WORK TO COMPLETE:
Type the listing below out again exactly. No images.

DATA EXCERPT:
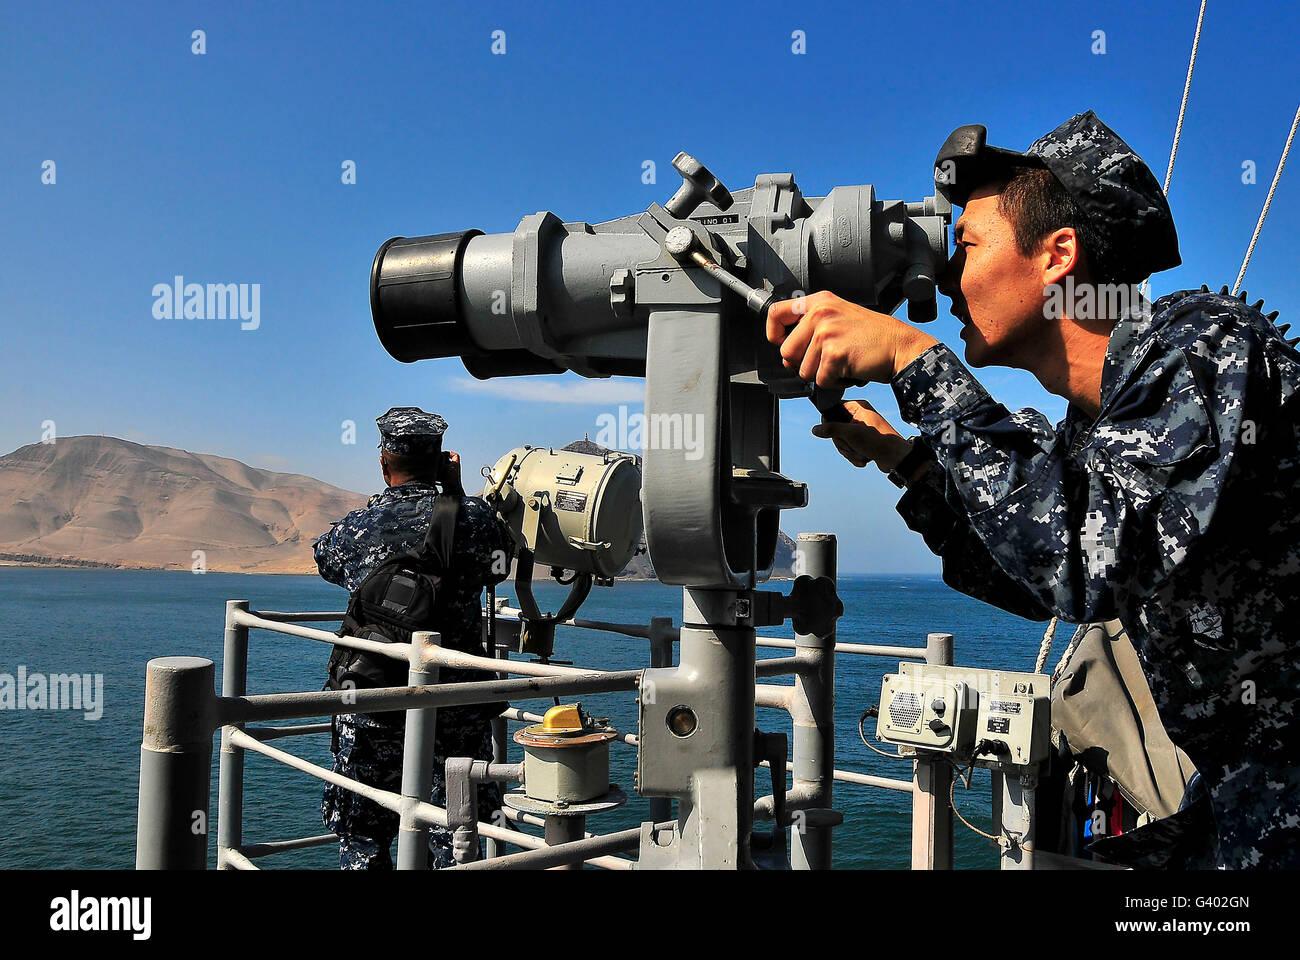 U.S. Navy sailors observe the coastline from aboard USS Bunker Hill. - Stock Image
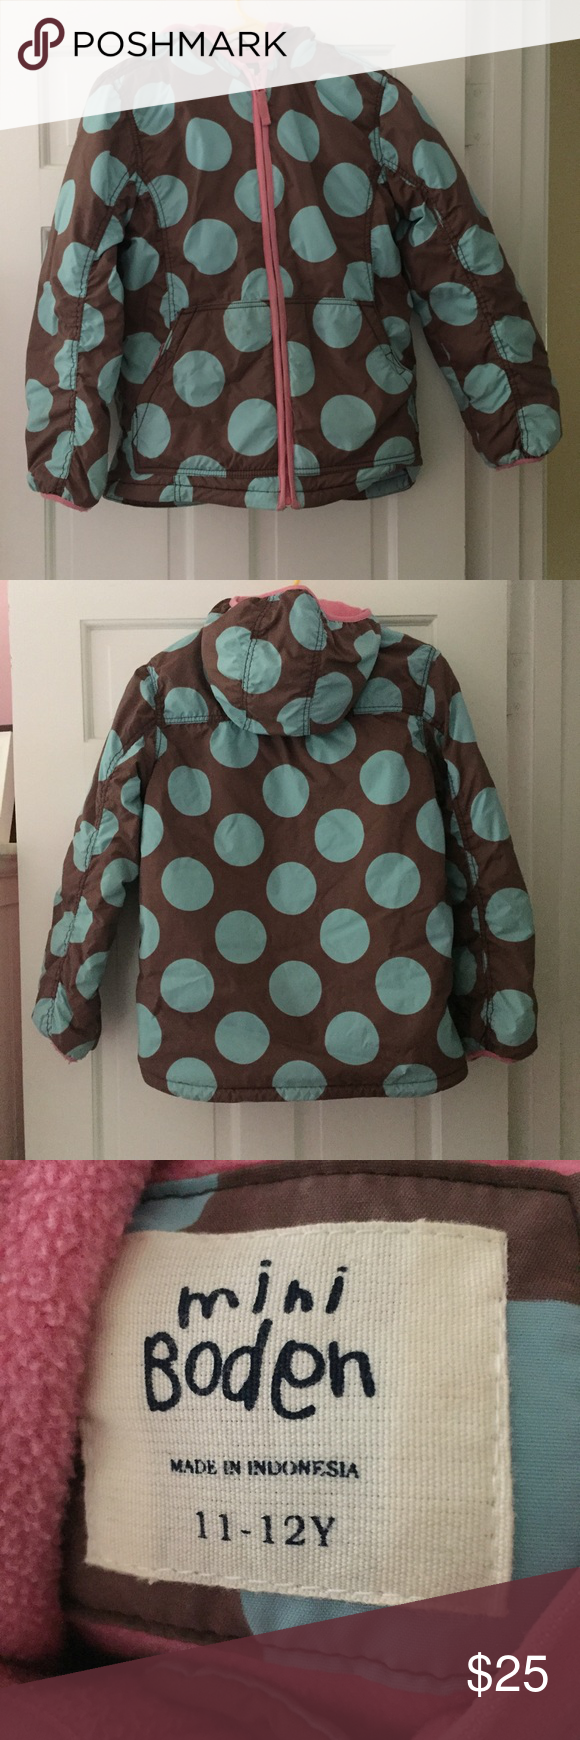 Mini Biden polka dot coat Mini Boden polka dot jacket. Zip up jacket. Good condition. Mini Boden Jackets & Coats
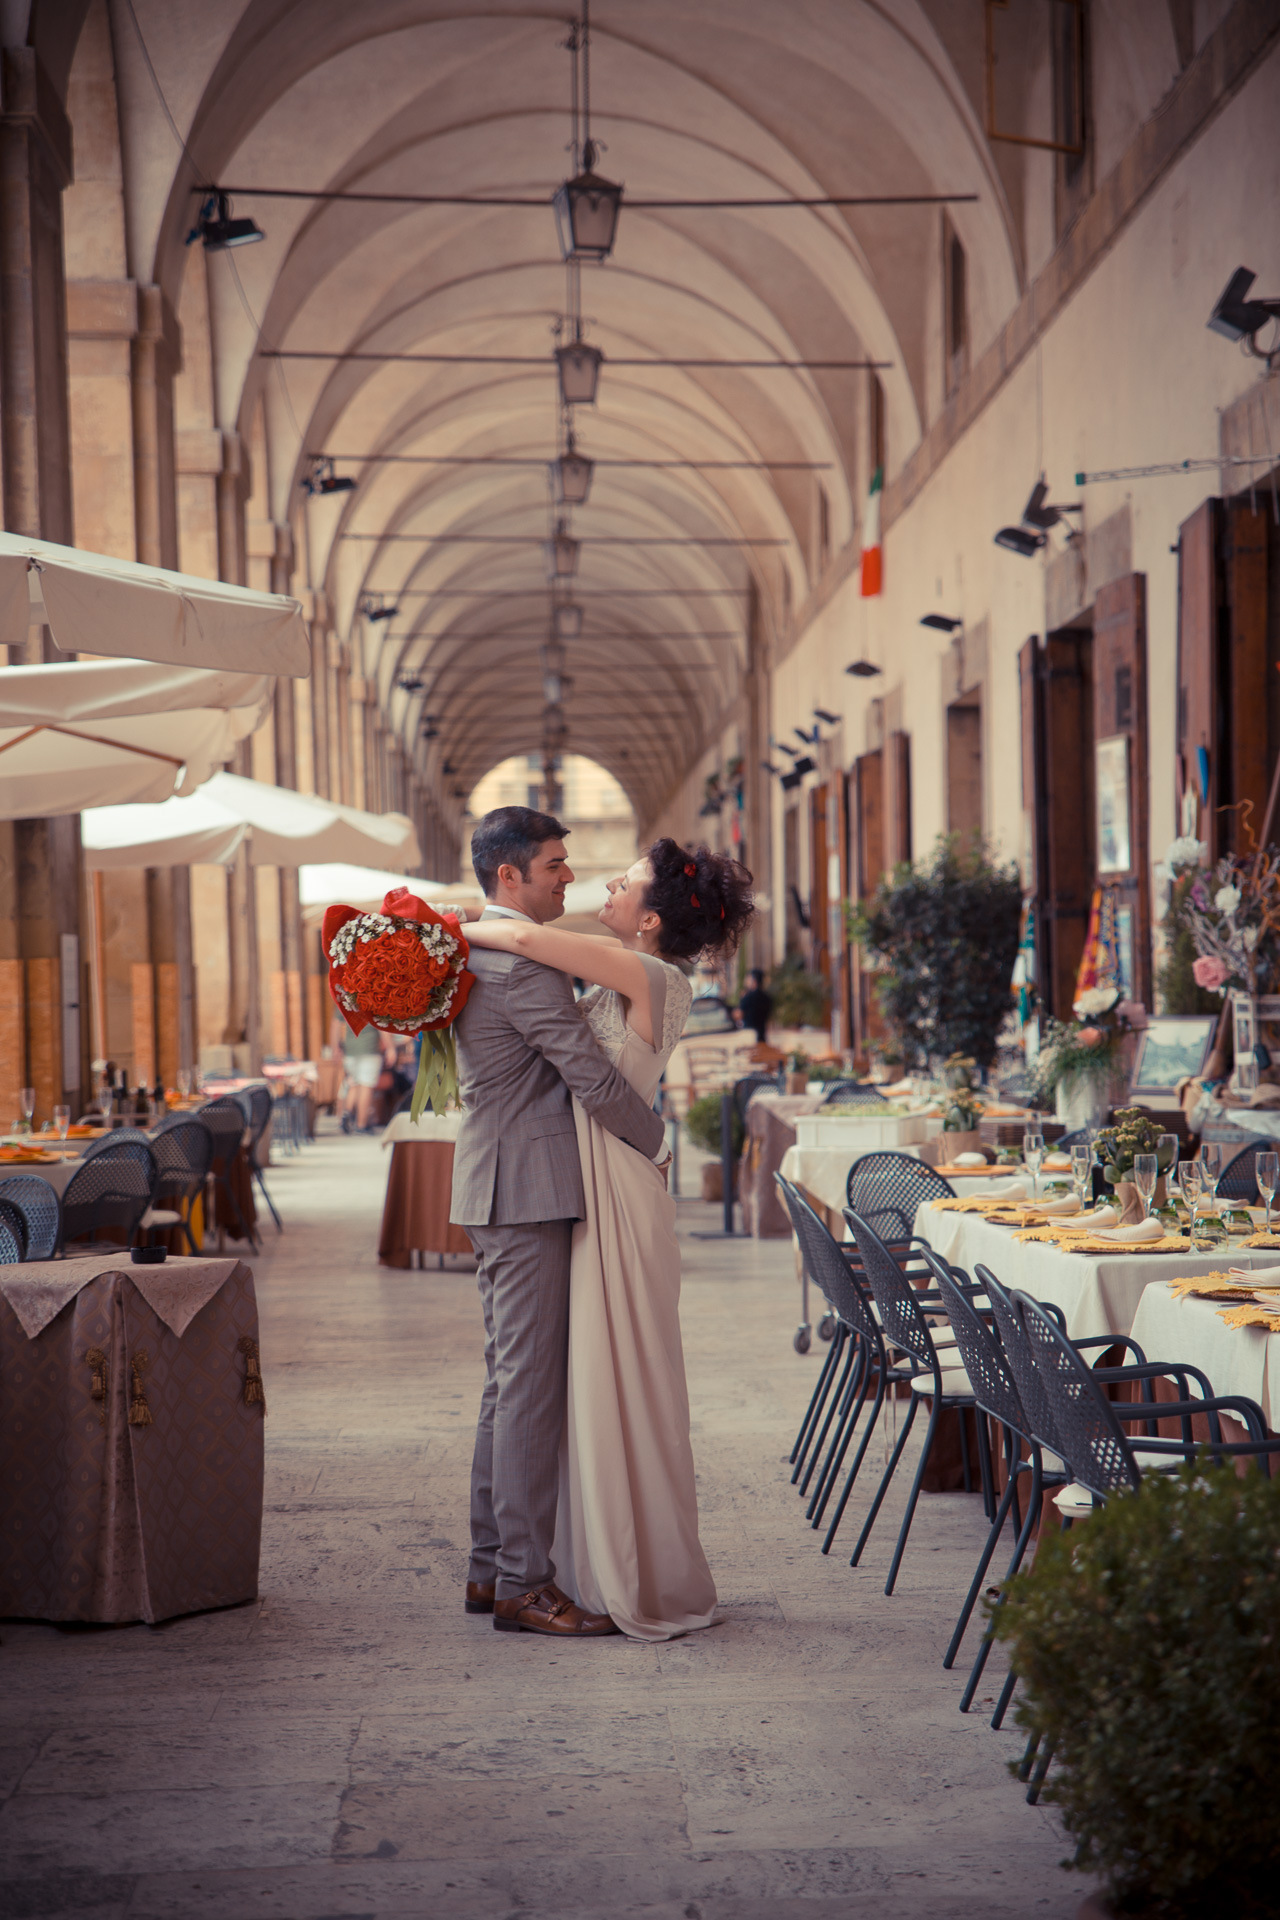 140614181558 - Foto Francesco Ghignoni

REPLY:
 U.S. Navy sailors observe the coastline from aboard USS Bunker Hill. - Stock Image
 Mini Biden polka dot coat Mini Boden polka dot jacket. Zip up jacket. Good condition. Mini Boden Jackets & Coats
 140614181558 - Foto Francesco Ghignoni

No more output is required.